The volume feature Vol describes the ratio of all scatterers to the overall area volume in the current wireless propagation environment and is calculated using the following formula:

Wherein, M represents the number of scatterers in the current wireless propagation environment; V _area represents the volume of the entire area of the wireless propagation environment;

The distance feature Dist describes the distance component from all scatterers to Tx in the current wireless propagation environment and is calculated using the following formula:

The offset feature describes the offset of all scatterers relative to the line between Tx and Rx in the current wireless propagation environment, that is, the sum of the distances from the center points of all scatterers to the line between Tx and Rx;

The NLOS feature describes the degree of obstruction of the LOS (Line-of-Sight) path by the scatterer in the current wireless propagation environment.

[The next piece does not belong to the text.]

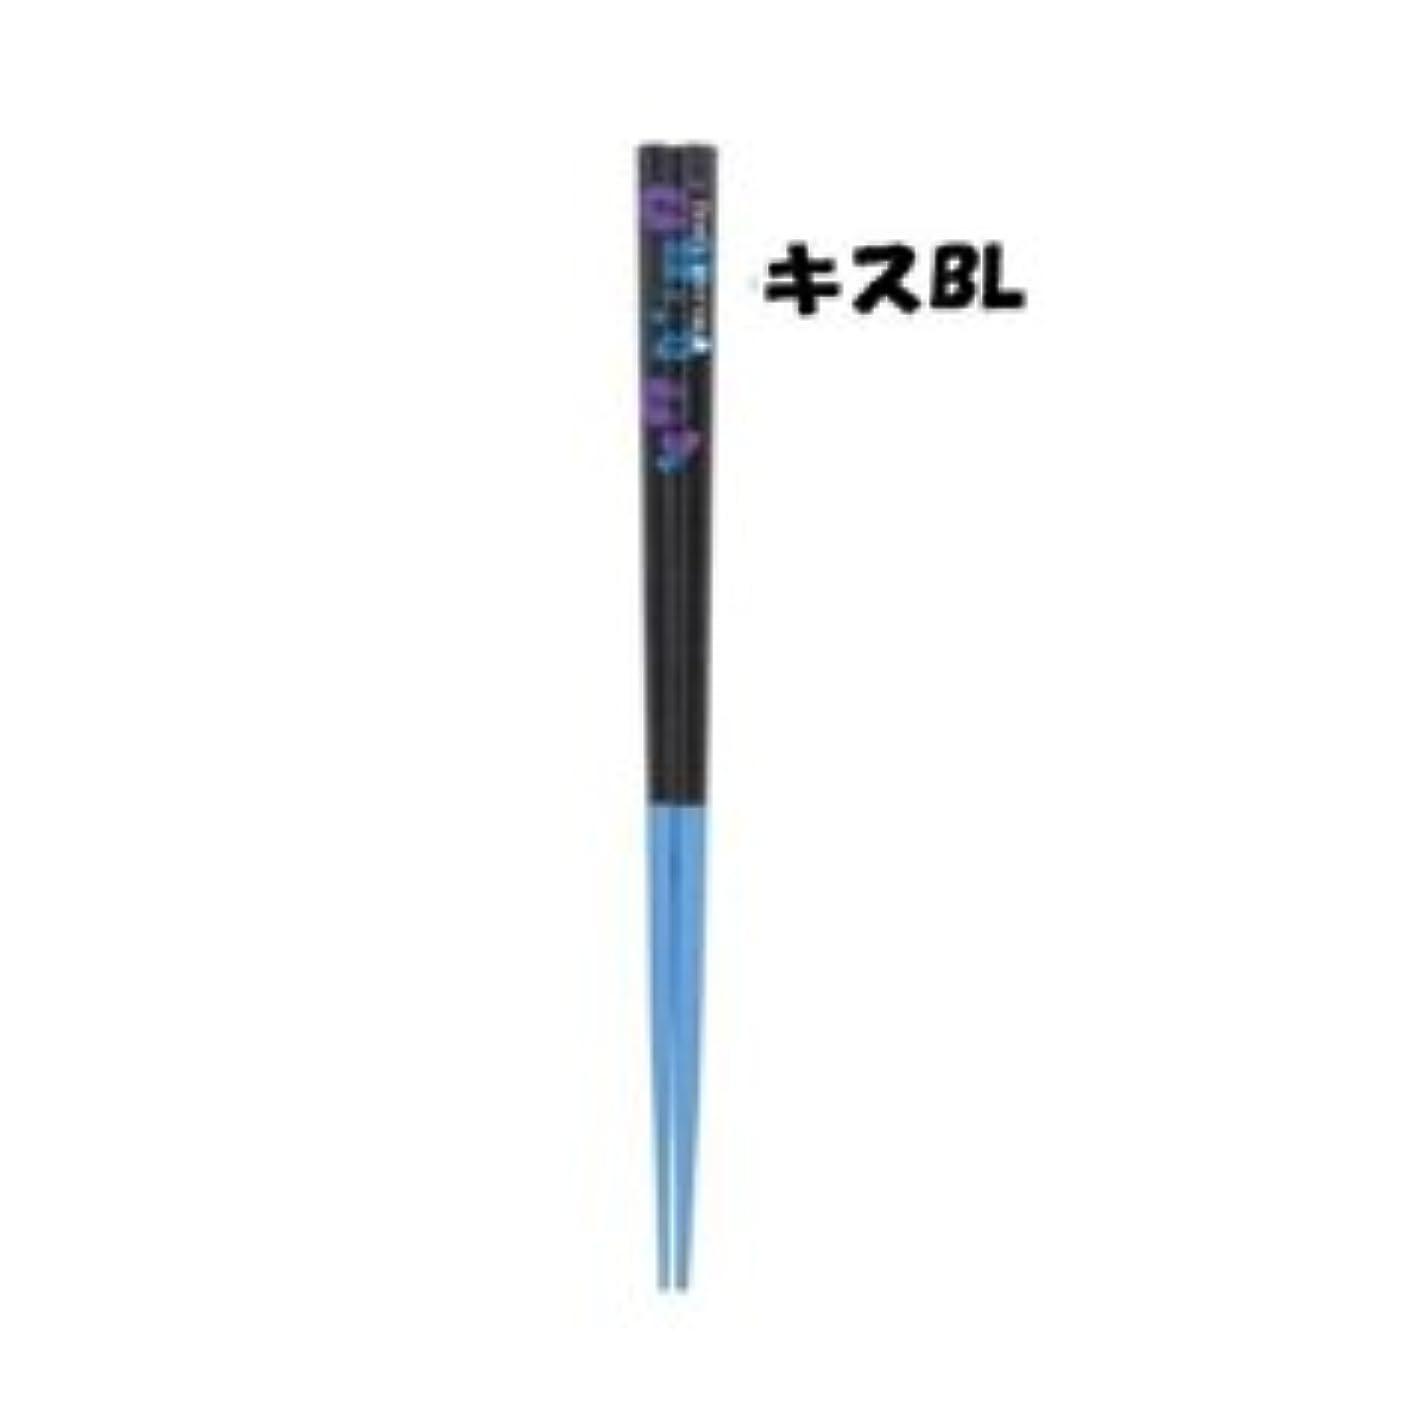 大統領叫び声限界【プライムナカムラ】ダイエット 応援箸 キスブルー

It can be divided into two types: obstruction and non-obstruction. If there is no obstruction, the feature representing the obstruction is directly set to 0; if there is obstruction, the degree of obstruction of the LOS path by the scatterer is used to represent the obstruction factor of each scatterer. Specifically, when the height of the scatterer is higher than the height of Tx, the ratio of the distance from the center point of the scatterer to the line connecting Tx and Rx to half of the diagonal of the scatterer surface is calculated. The largest obstruction factor in the current wireless propagation environment is selected as the NLOS feature of the wireless propagation environment.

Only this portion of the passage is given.